Create lookup tables

Description

build_lookup_from_fastas() processes IMGT reference FASTA files in a given folder to generate lookup tables used for making gene name conversions. It extracts all gene names and transforms them into 10X and Adaptive formats following predefined conversion rules. The resulting files are created:

  • lookup.csv: IMGT gene names and their 10X and Adaptive equivalents.

  • lookup_from_tenx.csv: Gene names aggregated by their 10X identifiers, with one representative allele (⁠*01⁠) for each.

  • lookup_from_adaptive.csv: Adaptive gene names, with or without alleles and gene designations, and their IMGT and 10X equivalents.

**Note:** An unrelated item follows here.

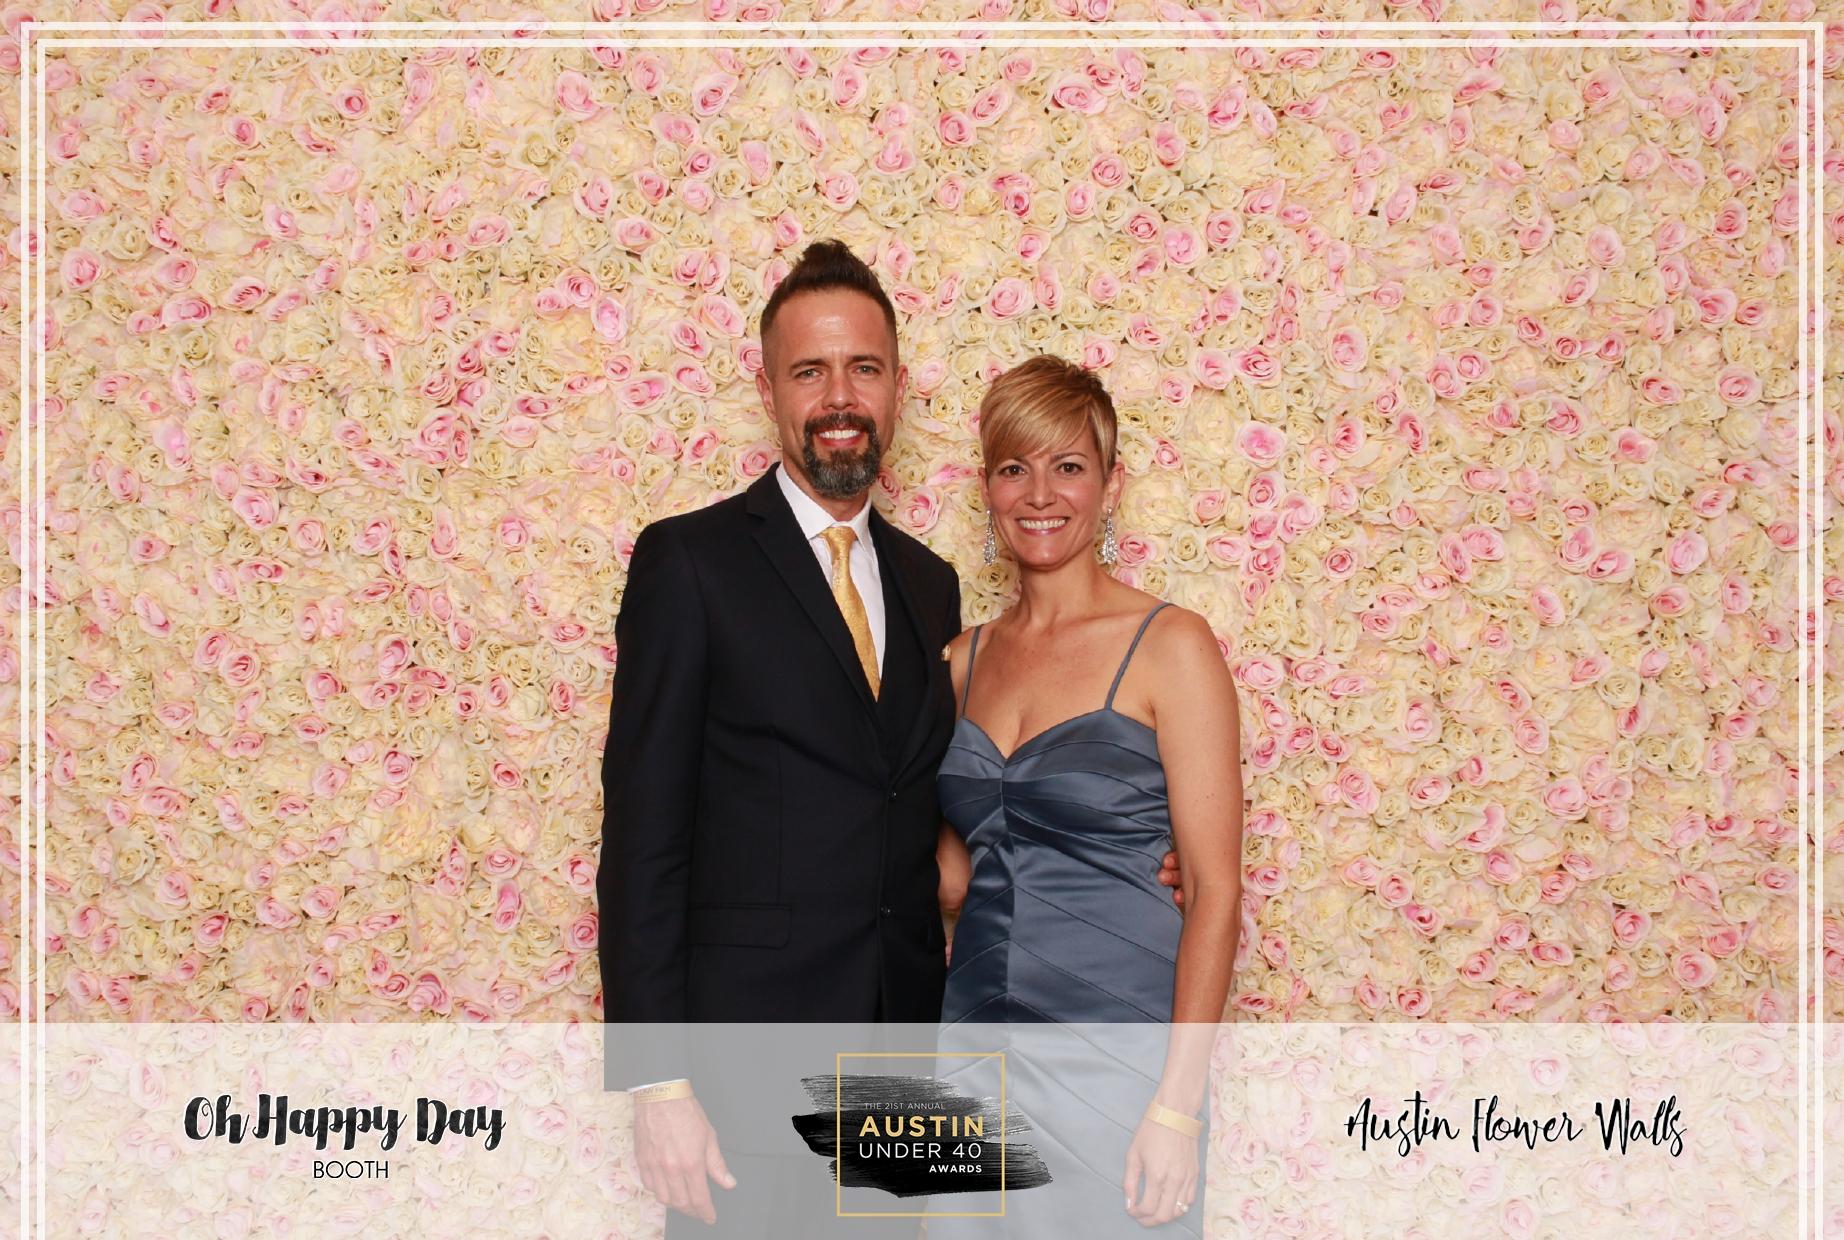 Oh Happy Day Booth - Austin Under 40-87.jpg

The files are stored in a given subfolder (species) within the appropriate application folder via rappdirs. For example:

  • MacOS: ⁠~/Library/Application Support/<AppName>⁠

  • Windows: ⁠C:\Documents and Settings\<User>\Application Data\Local Settings\<AppAuthor>\<AppName>⁠

  • Linux: ⁠~/.local/share/<AppName>⁠

If a folder named species already exists in that location, it will be replaced.

Usage

build_lookup_from_fastas(data_dir, species)

Arguments

data_dir

A string, the directory containing FASTA files.

species

A string, the name of species that will be used when running TCRconvert with these lookup tables.

Details

Key transformations from IMGT:

  • 10X:

    • Remove allele information (e.g., ⁠*01⁠) and modify ⁠/DV⁠ occurrences.

  • Adaptive:

    • Apply renaming rules, such as adding gene-level designations and zero-padding single-digit numbers.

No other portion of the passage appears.